Predictors of psychotherapy dropout in patients with borderline personality disorder: A systematic review.

机构信息

Department of Biomedicine, Pharmacology and Therapeutics Unit, Faculty of Medicine, University of Porto, Porto, Portugal.

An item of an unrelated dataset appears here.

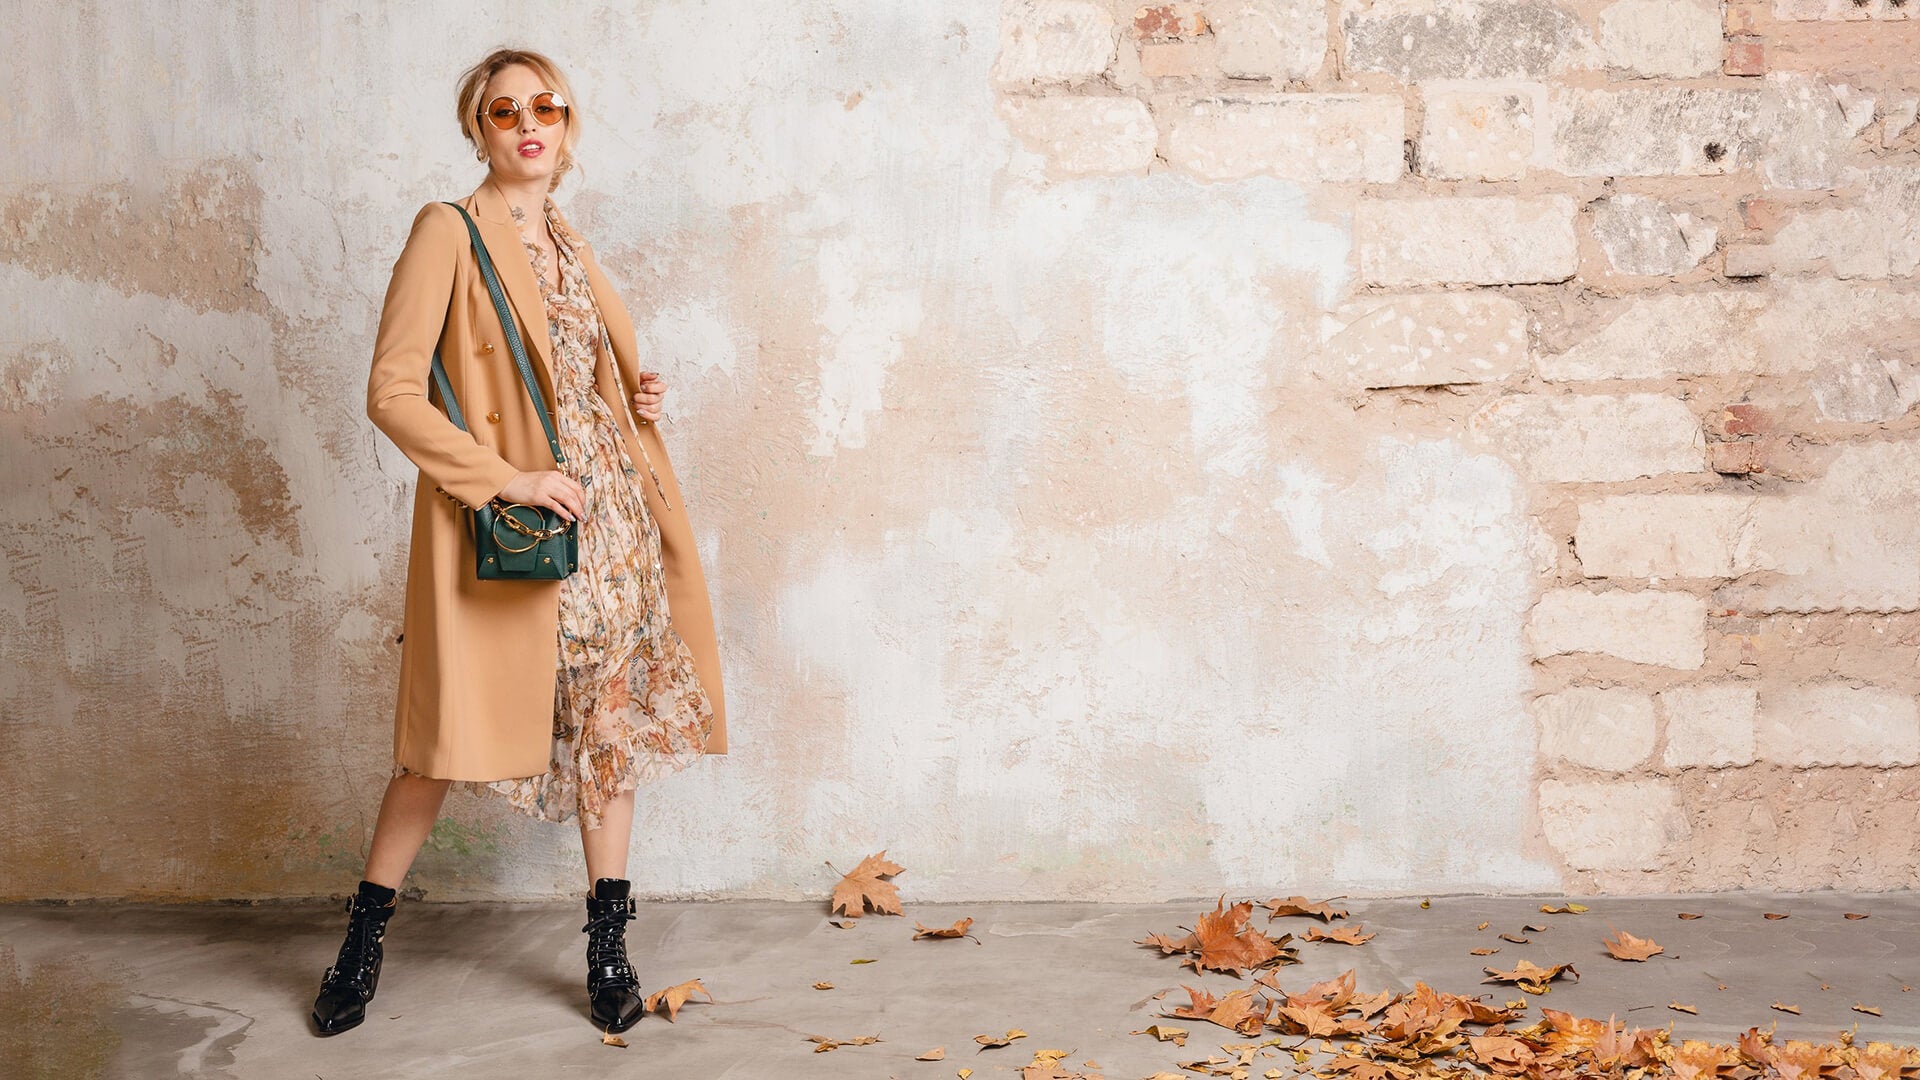 Autumn Fashion Essentials: What to Wear This Fall
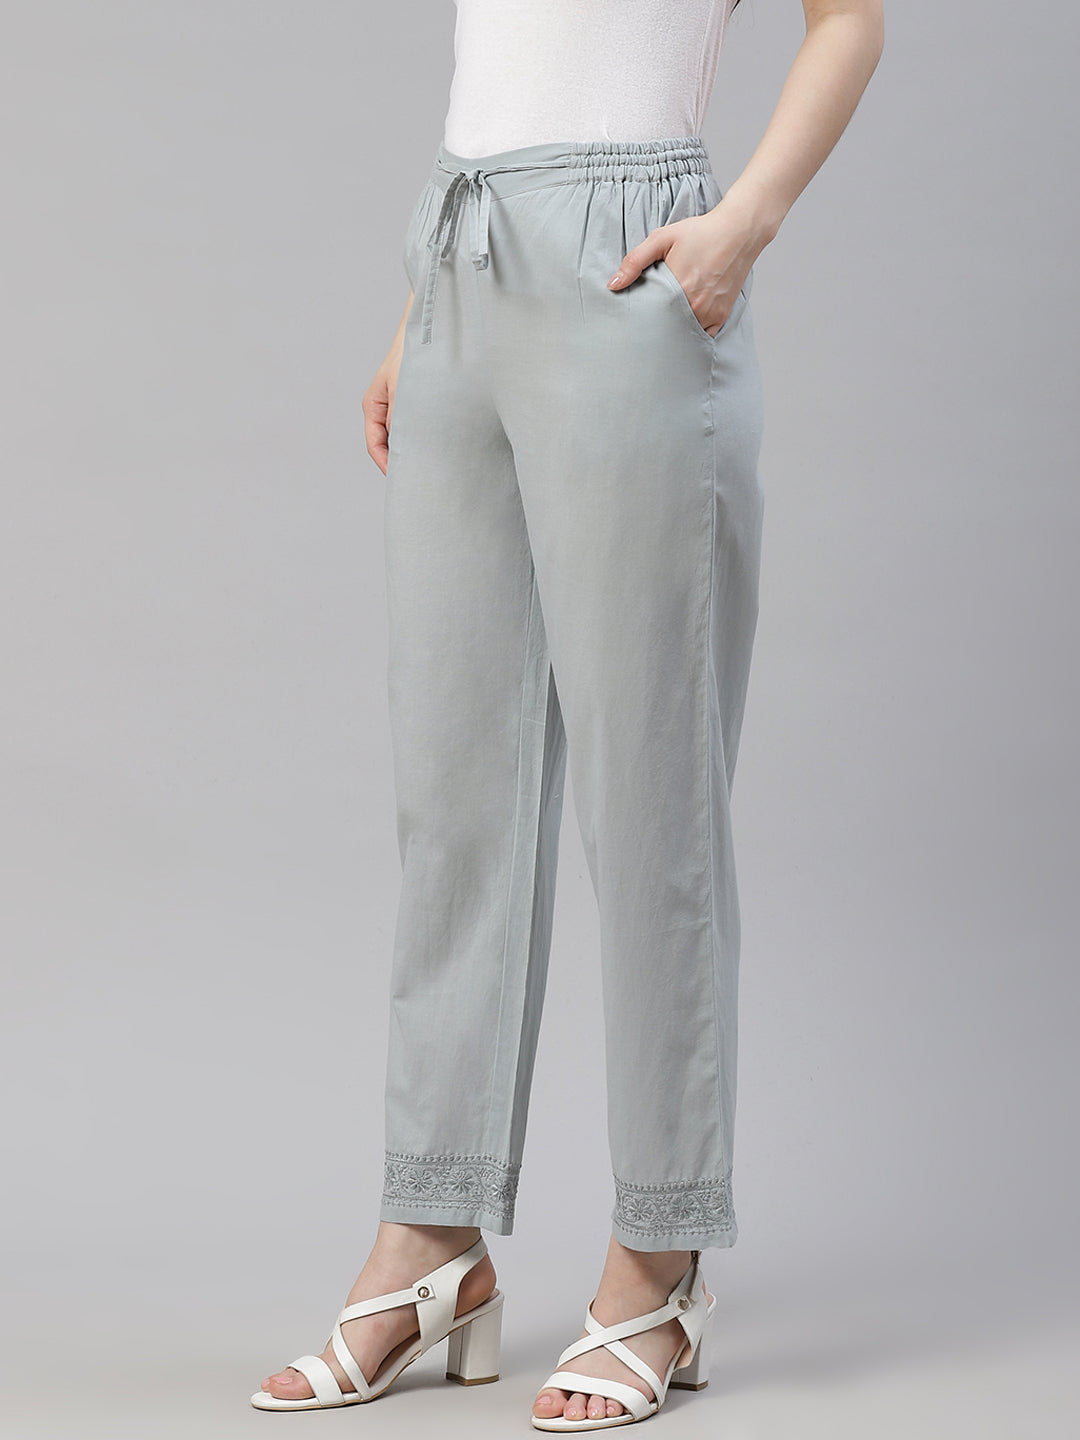 Buy Online Grey Cotton Flax Pants for Women  Girls at Best Prices in Biba  IndiaCORE14918AW19GRY

Department of Psychiatry and Mental Health, University Hospital Centre of São João, Porto, Portugal.

出版信息

Clin Psychol Psychother. 2023 Nov-Dec;30(6):1324-1337. doi: 10.1002/cpp.2888. Epub 2023 Jul 31.

DOI:10.1002/cpp.2888
PMID:37522280
Abstract

INTRODUCTION

Borderline personality disorder (BPD) is a highly debilitating psychiatric condition. Despite the expansion of new BPD specific forms of psychotherapy in the last few decades, high dropout rates have been reported in these treatments. Treatment discontinuation is associated with poor patient outcomes, inefficient resource utilization and the demoralization of healthcare providers.

METHODS

In order to identify predictors of psychotherapy dropout among patients with BPD, a systematic search of Medline, the Cochrane Library, PsycInfo and PsycArticles was conducted. Studies included were randomized-controlled trials in which patients diagnosed with BPD were exposed to a therapeutic intervention consisted of an evidence-based psychotherapy. The quality of evidence in the studies was assessed through the use of revised Cochrane risk of bias tool.

RESULTS

Six articles, incorporating four types of psychotherapy programmes, were included. Overall, the studies present low risk of attrition and reporting bias and unclear risk of selection, performance and detection bias. Patients with weaker therapeutic alliance scores and higher hostility presented with higher dropout rates. In contrast, better mindfulness skills and greater performance in specific neuropsychological domains, such as memory and executive control, were identified as predictive of lower risk of dropout. Sociodemographic variables and treatment history did not influence treatment retention.

CONCLUSIONS

Factors that influence discontinuation should be taken into consideration in future treatment programmes, in an effort to optimize retention. Qualitative assessments of patients' reasons for dropping out may also help guide adjustments.

摘要

简介

边缘型人格障碍(BPD)是一种高度致残的精神疾病。尽管在过去几十年中扩展了新的 BPD 特定形式的心理治疗,但这些治疗方法的高辍学率已被报道。治疗中断与患者预后不良、资源利用效率低下以及医疗保健提供者士气低落有关。

方法

为了确定 BPD 患者心理治疗辍学的预测因素,对 Medline、Cochrane 图书馆、PsycInfo 和 PsycArticles 进行了系统搜索。纳入的研究是将被诊断为 BPD 的患者暴露于基于证据的心理治疗的随机对照试验。通过使用修订后的 Cochrane 偏倚风险工具评估研究中的证据质量。

结果

纳入了六篇文章,其中包括四种心理治疗方案。总体而言,这些研究的失访和报告偏倚风险较低,选择、表现和检测偏倚风险不明确。具有较弱治疗联盟评分和更高敌意的患者辍学率更高。相比之下,更好的正念技能和在特定神经认知领域(如记忆和执行控制)的表现被确定为辍学风险较低的预测因素。社会人口统计学变量和治疗史并未影响治疗保留率。

结论

应在未来的治疗计划中考虑影响停药的因素,以努力优化保留率。对患者停药原因的定性评估也可能有助于指导调整。